Monday, September 22, 2008

4e Organization

So I had the experience of creating a PC for a D&D 4e campaign recently. Our Night's Dawn Trilogy based World of Darkness game ended, somewhat abruptly, and we are on to the next game and system. I've poked through the books a few times for fourth edition, but I haven't really looked at it. After rolling up a character, I gotta say;

This book is a piece of crap.

Now don't take that as a slam against fourth edition in general. I haven't played it much. Sure, they made a lot of changes, and some of them seem to be just for the sake of making changes, but I'll reserve judgement until I've run a character to 30. You don't really know a system well enough to judge it until you've played it through and through. What I meant by the above statement is that the layout and design are awful. Simple things, like "How many powers do I start with?" are mentioned in sections that have nothing to do with powers and little to do with character creation. Information on character creation in general is spread all over the book, in nonsequential order, jumping from chapter to chapter. Nothing is fully explained in any one place, and doing the simplest of things requires looking on a half dozen pages.

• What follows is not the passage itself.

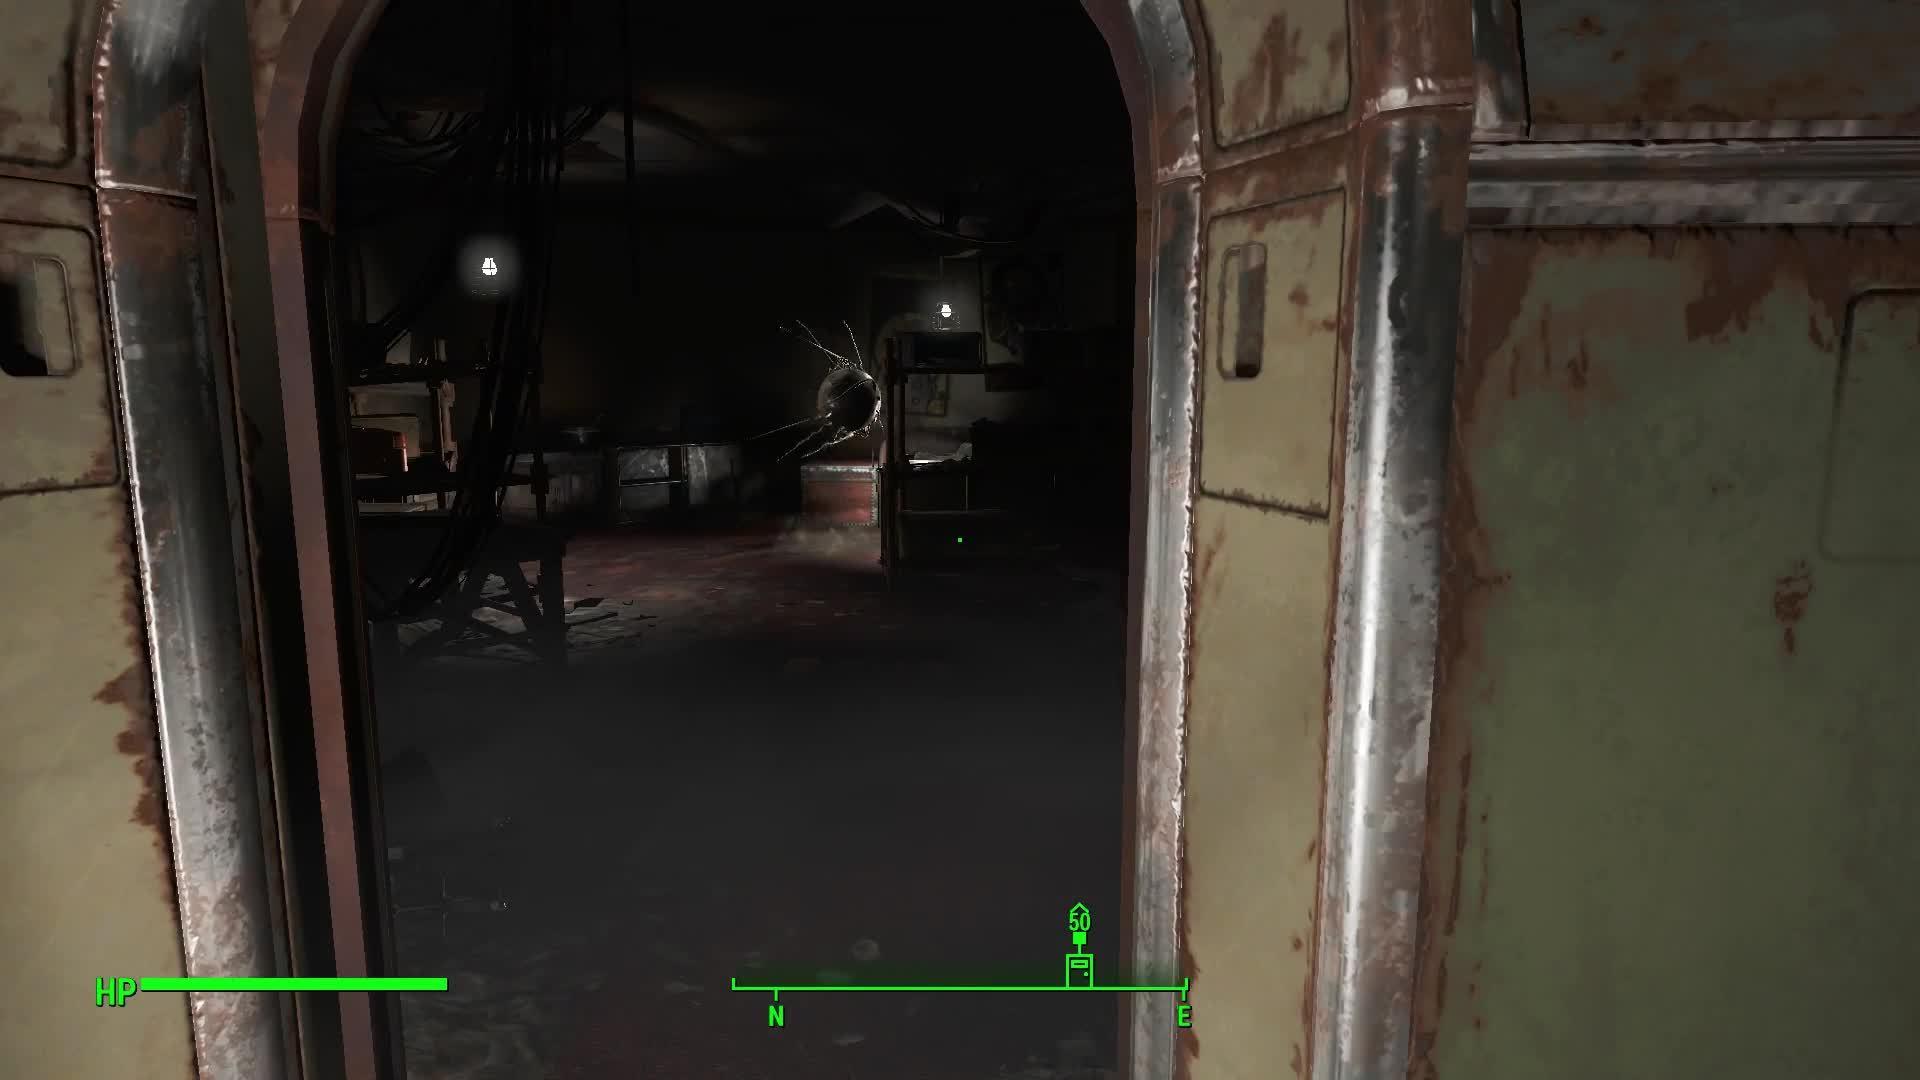 fo4, Mechanist Lair Hidden Room GIFs
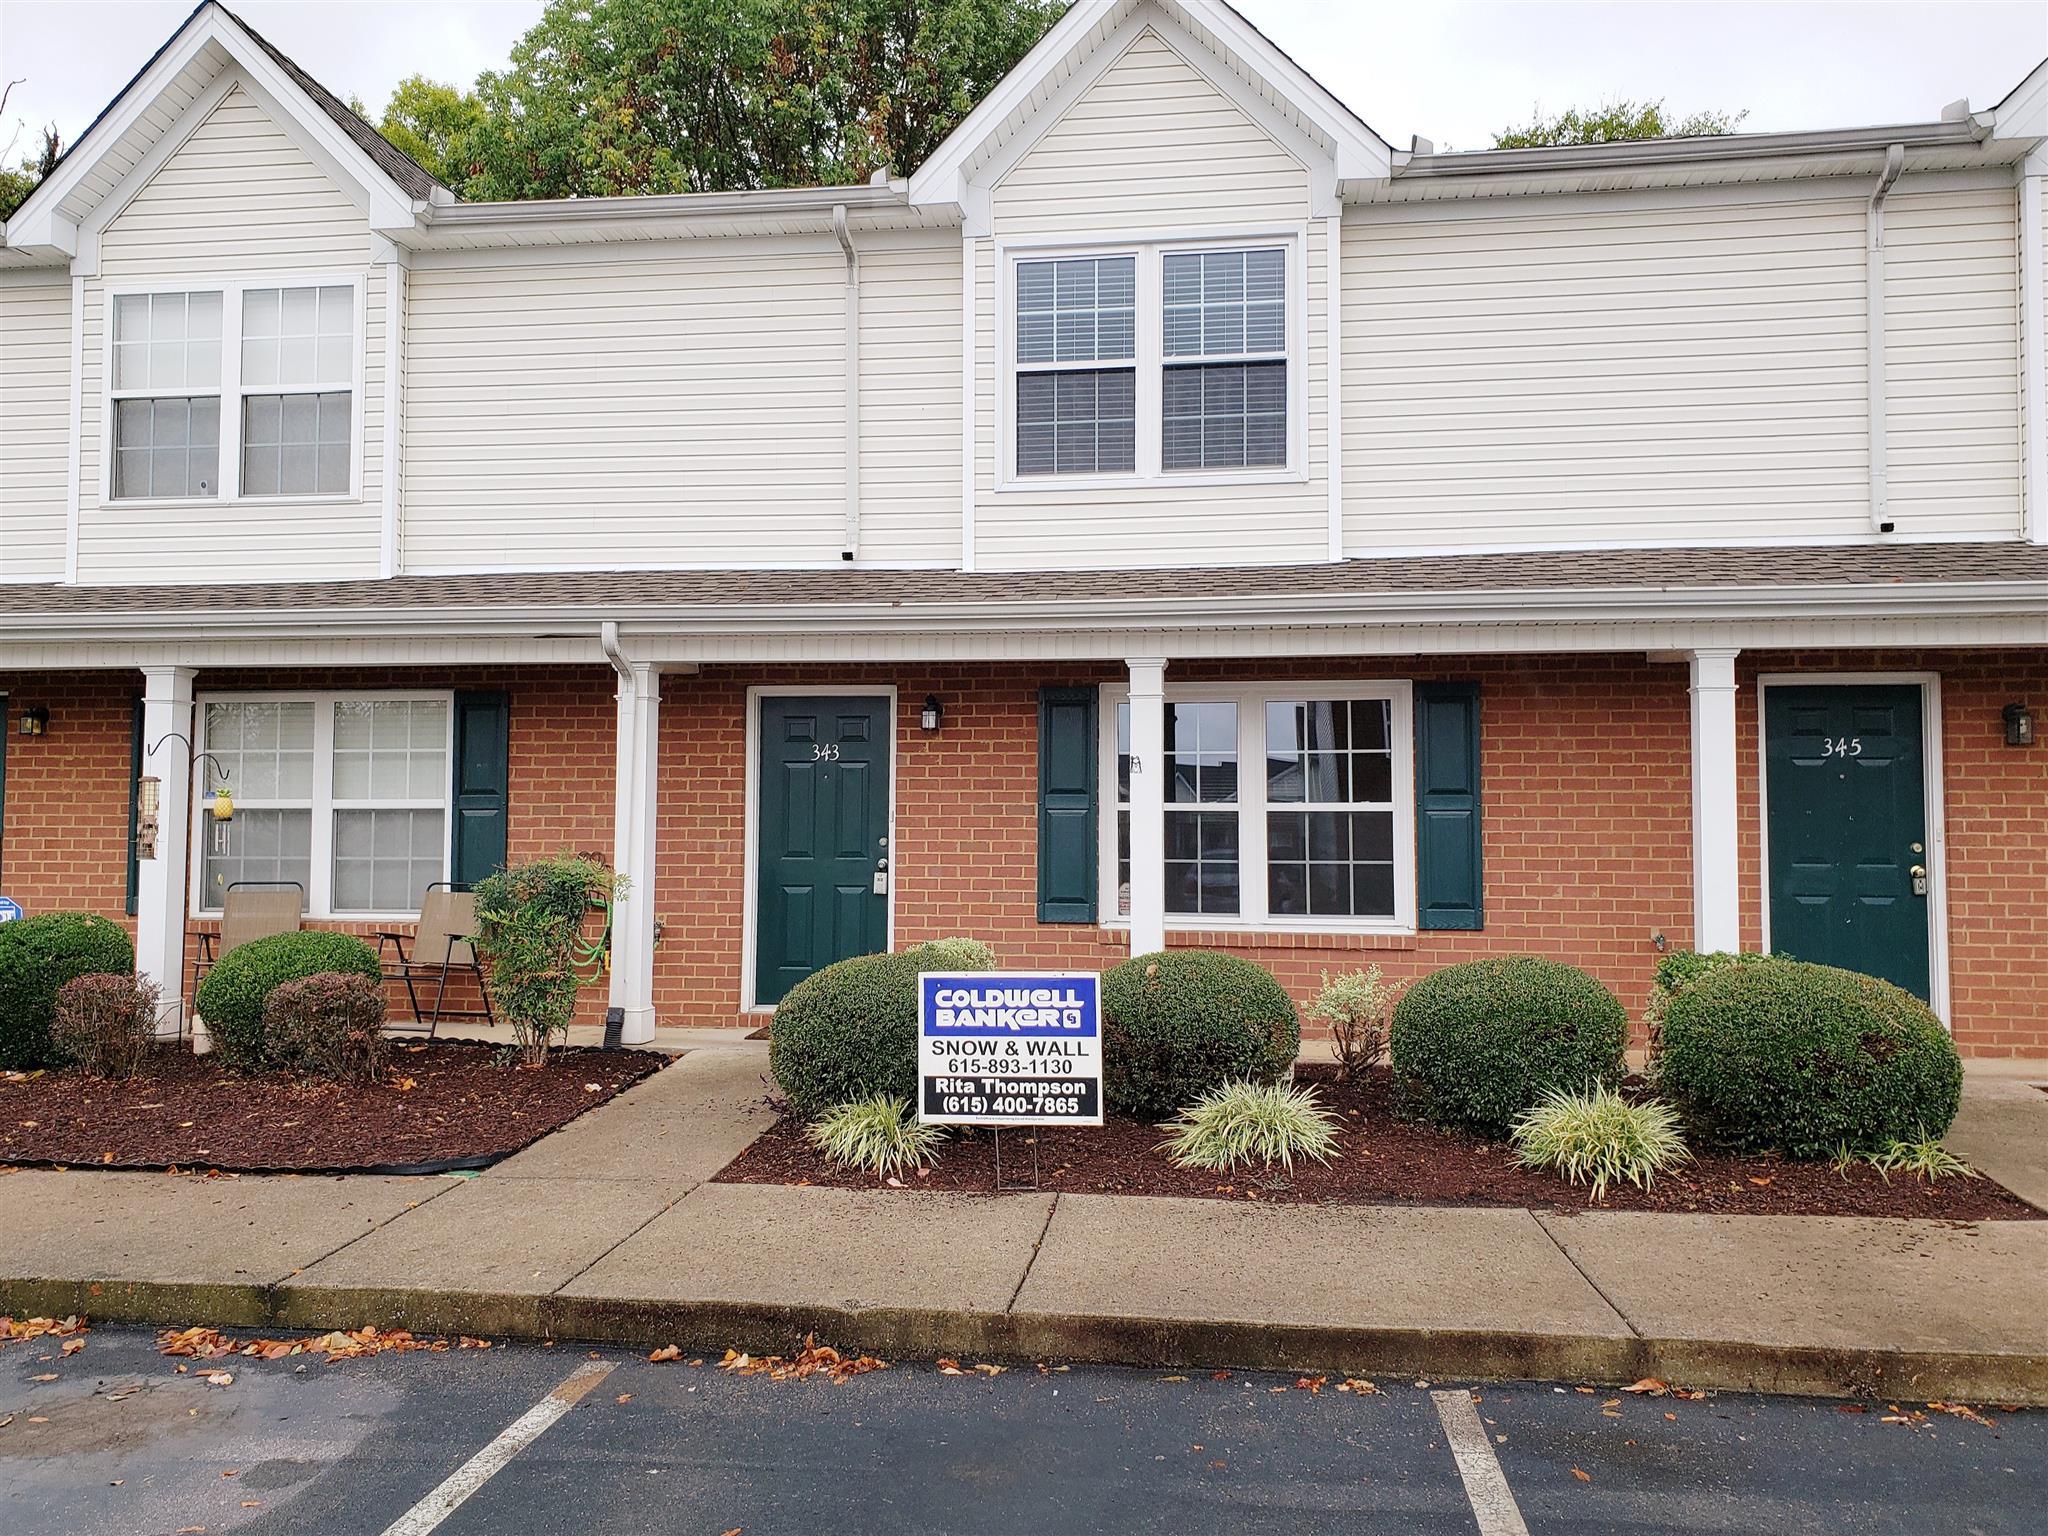 343 Shoshone Pl, Murfreesboro, TN 37128 - Murfreesboro, TN real estate listing

God forbid you want to use the default character sheet to actually describe a character and his/her gear. There's no location on the sheet to write up mundane weapons, especially if you want something trivial like "Information about what it does" rather than just a name. There's a full column on the back of the sheet for magic items, but that doesn't help much for a first level character. Even so, it's worthless in the future because the most you can squeeze in is the item name and a page number. You expect to have space to write down what it does? Ha.

Now, with all that said, I do want to add a couple positives. The book has a lot of decent info for new players, rather than just rules. I've heard a lot of buzz about fourth edition being a miniatures game rather than a roleplaying game proper. Of course, I'll admit that most of the diplomacy is presented as rolling dice instead of talking. Bluffing, etc, the same way. Fine. However, unlike 3.x, this PHB has a large section (ten pages?) dedicated to fleshing out your character as more than an alignment and class/race combo. The book encourages you to pick a few personality traits, as well as some common mannerisms. It suggests you think about how your PC reacts to dangerous situations, and how decisive he/she is in such. That's a good thing to see, and helps new players realize that maybe it's not just WoW repackaged without a computer.

Anyway, just a shortish sort of rant/review on it. I don't care for lots of flamewars over edition changes. Play what you want to play. However, in the future, WotC should really put more effort into organization.